Все же вплоть до 1789 г. ход политических событий лишь в небольшой степени зависел от подспудных процессов, происходивших в толще народных масс. Многие из отчаянных оппозиционеров тех лет были так смелы именно вследствие того, что сохранялась иллюзия полной политической пассивности простонародья.

Необходимость глубокой реформы государственных институтов, кардинального изменения самого механизма управления осознавалась не только философами, экономистами, радикальными фразерами из аристократических салонов и публицистами, знакомыми с народной жизнью. Об этой необходимости говорили и писали высшие бюрократы, люди компетентные и осторожные.
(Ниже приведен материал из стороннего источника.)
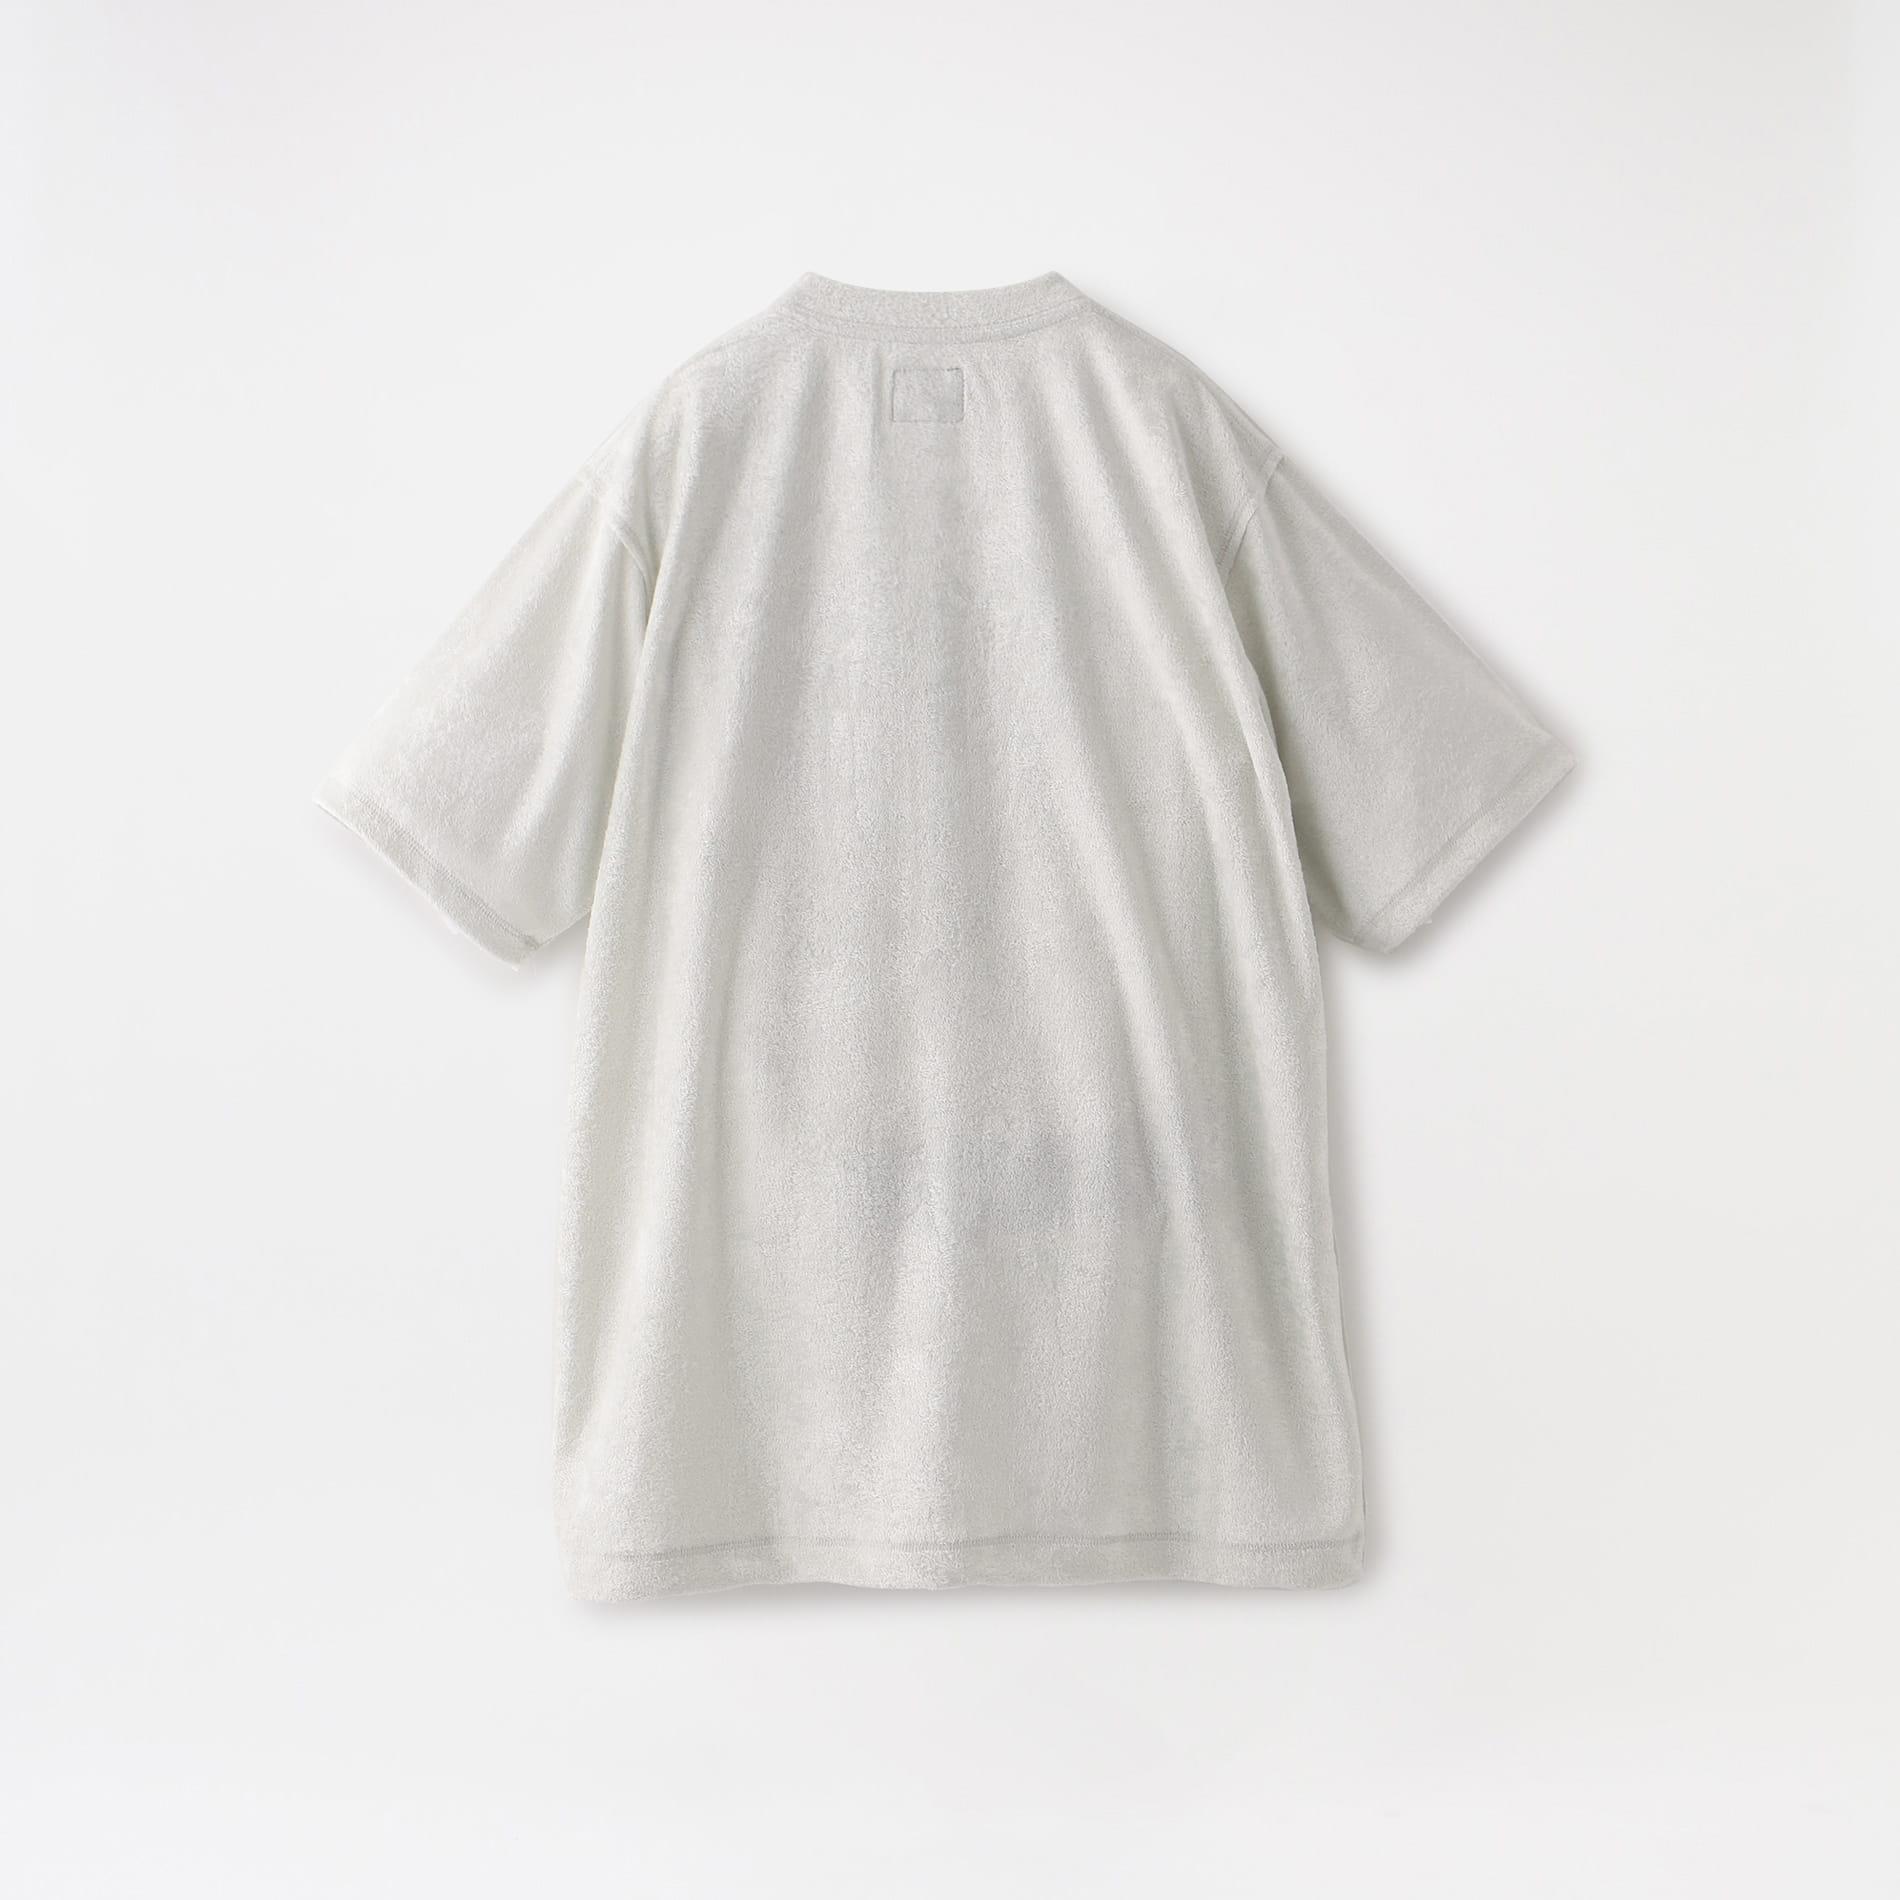 【Needles】WOMEN S/S Papillon Emb.  Pocket Tee - R/Pe Velour GL253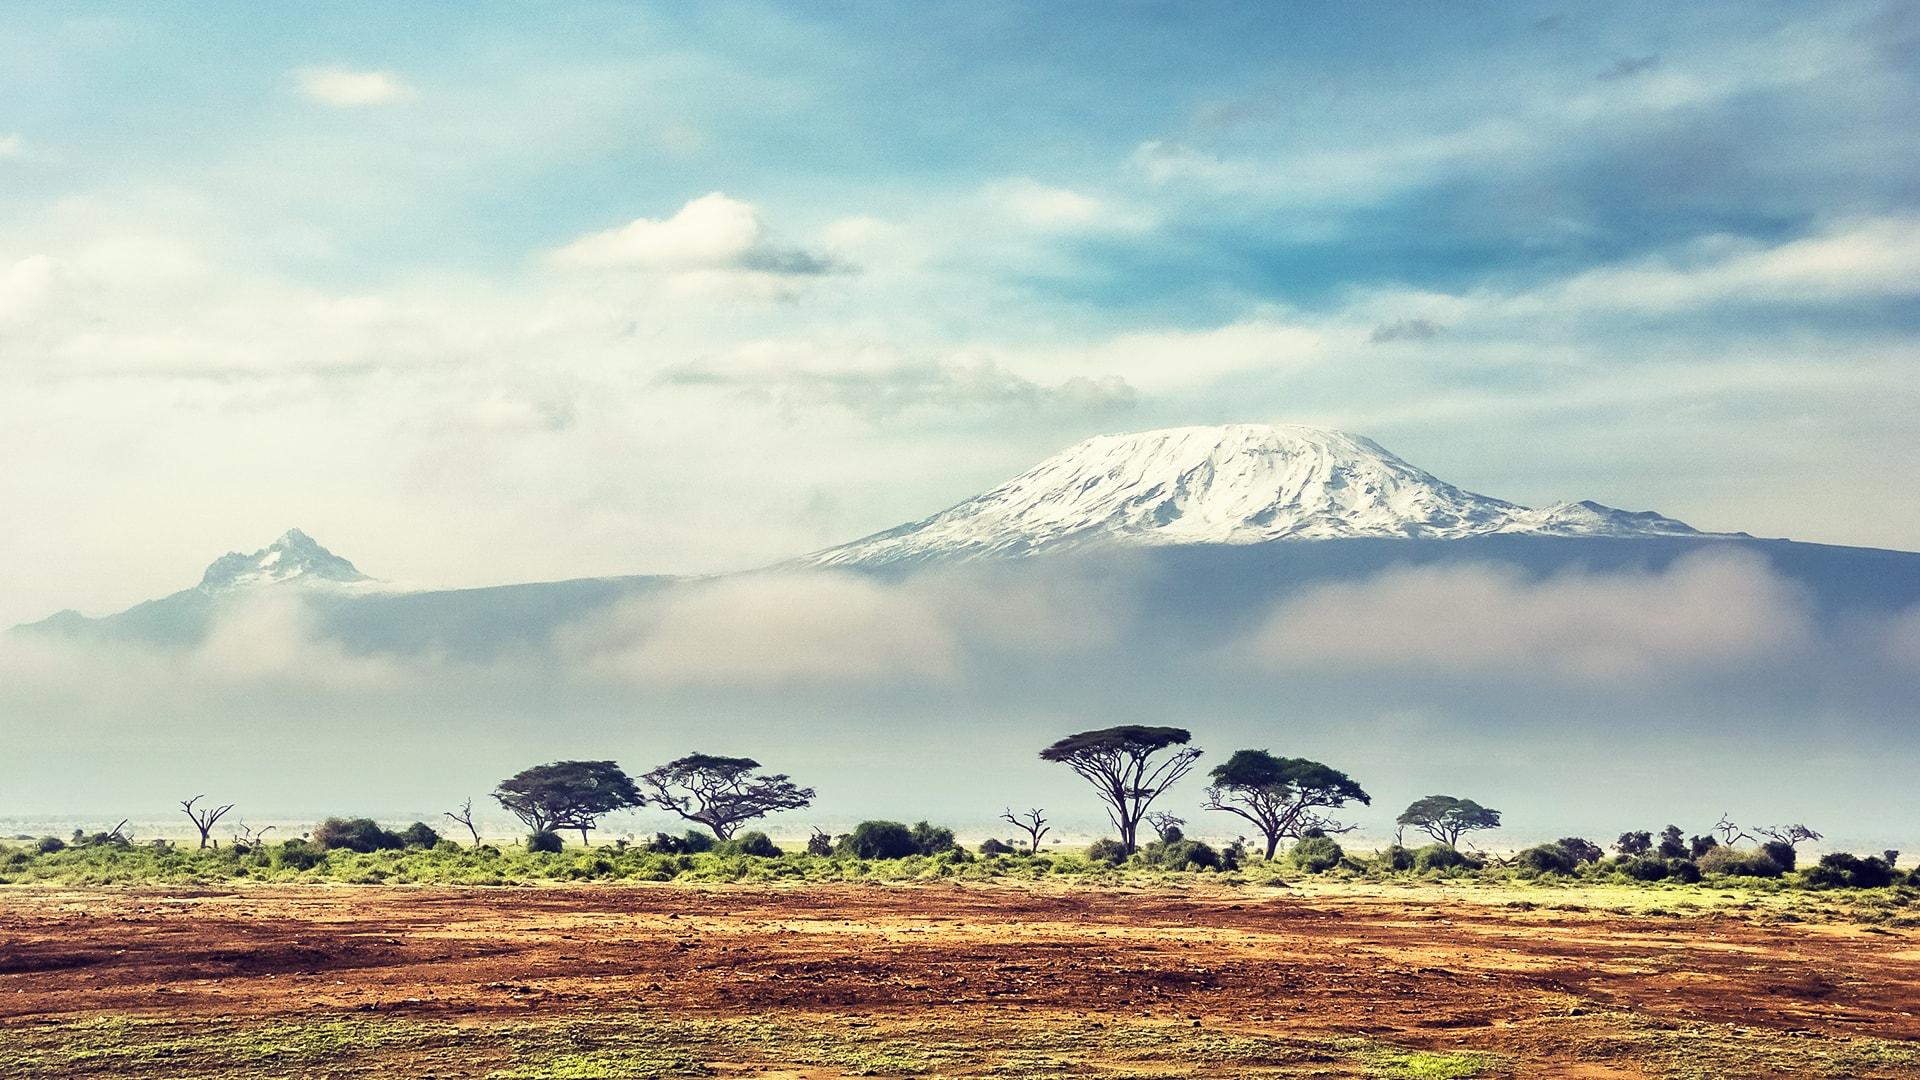 Viaje a medida por Tanzania

Генеральный контролер финансов Калонн в августовском мемуаре 1786 г. следующим образом излагал свое критическое суждение: «Я хочу показать, что несогласованность, разнородность, противоречивость различных частей государственного механизма исходят из единого принципа конституционной порочности, конституционные пороки изматывают силы государства, приводят в расстройство всю его организацию, и нельзя уничтожить ни один из этих пороков, не выступив против всего принципа в целом, – принципа, который их породил и который их увековечивает… Королевство, состоящее из провинций, подчиняющихся провинциальным штатам, из провинций, подчиняющихся центральному управлению, из провинций с особой провинциальной администрацией, из провинций со смешанной администрацией, королевство, в котором области чужды друг другу, в котором внутренние таможенные барьеры отделяют подданных друг от друга, королевство, в котором одни провинции почти полностью освобождены от налогов, в то время как другие несут всю их тяжесть, в котором наиболее богатый класс платит минимальные налоги, – в этом королевстве невозможно иметь стабильный порядок, невозможно иметь общую волю; неизбежно это королевство очень несовершенно, изобилует злоупотреблениями, им невозможно хорошо управлять»{146}.

Проведение реформы, как и осуществление революции, требует изменения давно сложившегося баланса сил. Требуется особая концентрация власти.

На изменение структуры власти королевское правительство не могло отважиться. Реформаторская смелость бюрократов так далеко не простиралась, решили искать ресурсы в самой системе. Опыт прошлых неудач (Тюрго, Неккера) доказывал – реформировать общество силами исключительно государственного аппарата невозможно. Обращаться к самому обществу страшно. Ограничились паллиативом, созвали нотаблей. В феврале 1787 г. по личным приглашениям короля в Версале собрались принцы, герцоги, маршалы, высшие магистраты, епископы, мэры крупнейших городов, делегаты провинциальных штатов. Всего 144 человека.

22 февраля король открыл заседания. Речь его была короткой и невнятной, его почти не слышали. Затем выступил генеральный контролер финансов Калонн, он говорил час с четвертью. Нотаблям предлагалось утвердить широкую программу реформ: ввести налог на доходы, отменить поземельную двадцатину и вместо нее учредить налог под названием «территориальная субсидия», который планировалось распространить на всех землевладельцев, включая духовенство. Распределением налога должен был заняться новый выборный орган – провинциальные ассамблеи. Калонн предлагал также унифицировать внутреннюю таможенную службу, упростить систему косвенных налогов, сократить размеры самого непопулярного из них, налога на соль.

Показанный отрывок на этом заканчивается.